Барятинский отлично понимал, что Мирский совершает грубейшую передержку. Обвинения Муравьева, высказанные в письме к Ермолову, были направлены не против кавказских войск, а против погрязших в роскоши, лени и усыплении начальников, прежде всего против Воронцова и против него, Барятинского, ведь это он требовал «присылки войск для защиты войск». Но возражать Барятинский не стал. Ответ Муравьеву несомненно произведет большое впечатление в дворцовых кругах, где генерала не очень-то любят, и Барятинского этот ответ устраивал.

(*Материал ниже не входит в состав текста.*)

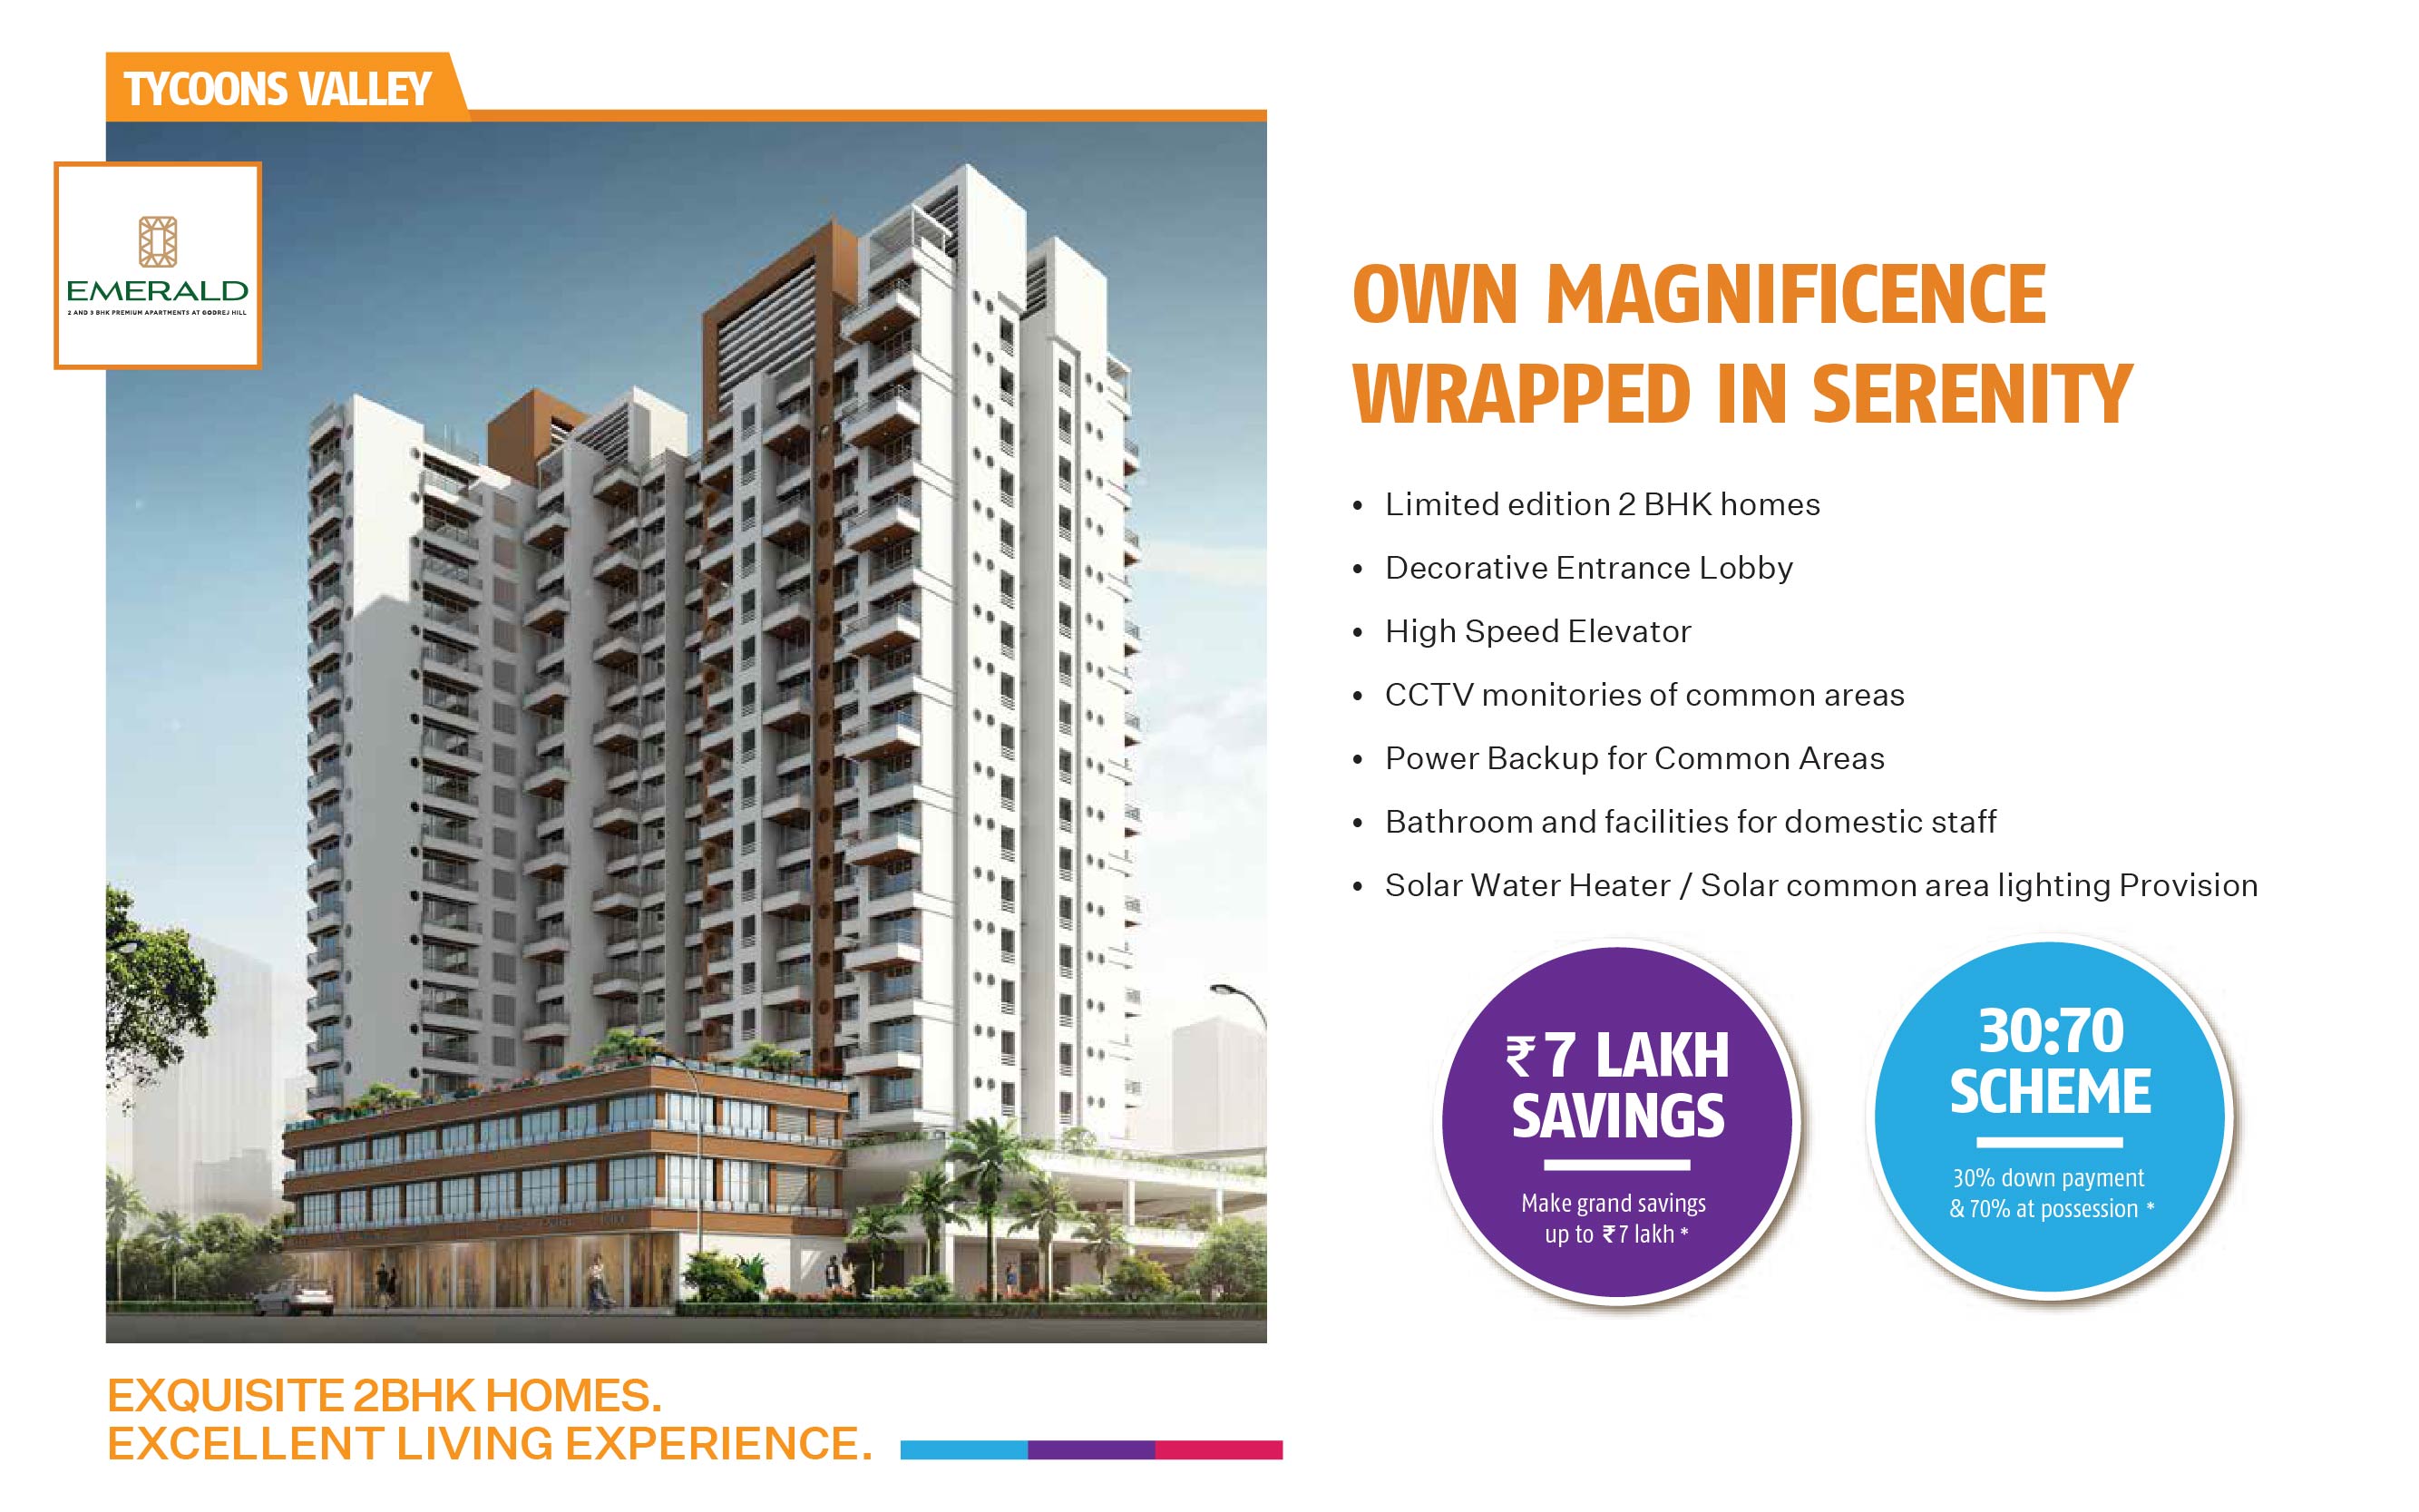 Limited edition 2 BHK homes

Может быть, более чем кого другого сжигала князя ненависть к Муравьеву, только он заставлял себя сдерживаться, подбирая материал против ненавистного генерала и выжидая удобного случая, чтобы уехать в Петербург и там свалить его, не брезгуя никакими средствами.
Вскоре письмо Святополк-Мирского пошло в переписку и не миновало Муравьева.
Догадаться, что написано оно не без ведома Барятинского, не представляло труда. Муравьев вызвал начальника штаба.
– Я хотел спросить вас, князь, – сказал он прямо. – Читали ли вы письмо, подписанное Мирским?
– Читал и содержание его тем более меня огорчило, что человек, дерзнувший написать это письмо, очень мне близок.
– В таком случае оставим этот разговор.
– Почему же? – возразил князь. – Несмотря на близкие мои отношения с Мирским, я могу судить о его поступке беспристрастно и не одобряю его.
– А что вы скажете, если я предам Мирского суду? Какого вы мнения об этом?
– Конечно, вы можете предать его суду, и он того заслуживает, но вряд ли это удобно и для вас, так как вы сами подали ему повод и пример вашим письмом к Ермолову.
– Это вопрос другой. Изложенное в письме к Ермолову я готов повторить где угодно. И не мне бояться пасквилянтства вашего близкого друга и тех, кто за ним. Прошу посоветовать Святополк-Мирскому просить перевода из Кавказского корпуса, я отпущу, тем и кончим.
Барятинский еле сдерживал готовое прорваться озлобление. Щеки его покрылись багровыми пятнами, губы дрожали.
– При сложившихся обстоятельствах, – произнес он, – моя служба в должности начальника штаба корпуса делается весьма затруднительной. Может быть, ваше высокопревосходительство, сочтете возможным отпустить и меня?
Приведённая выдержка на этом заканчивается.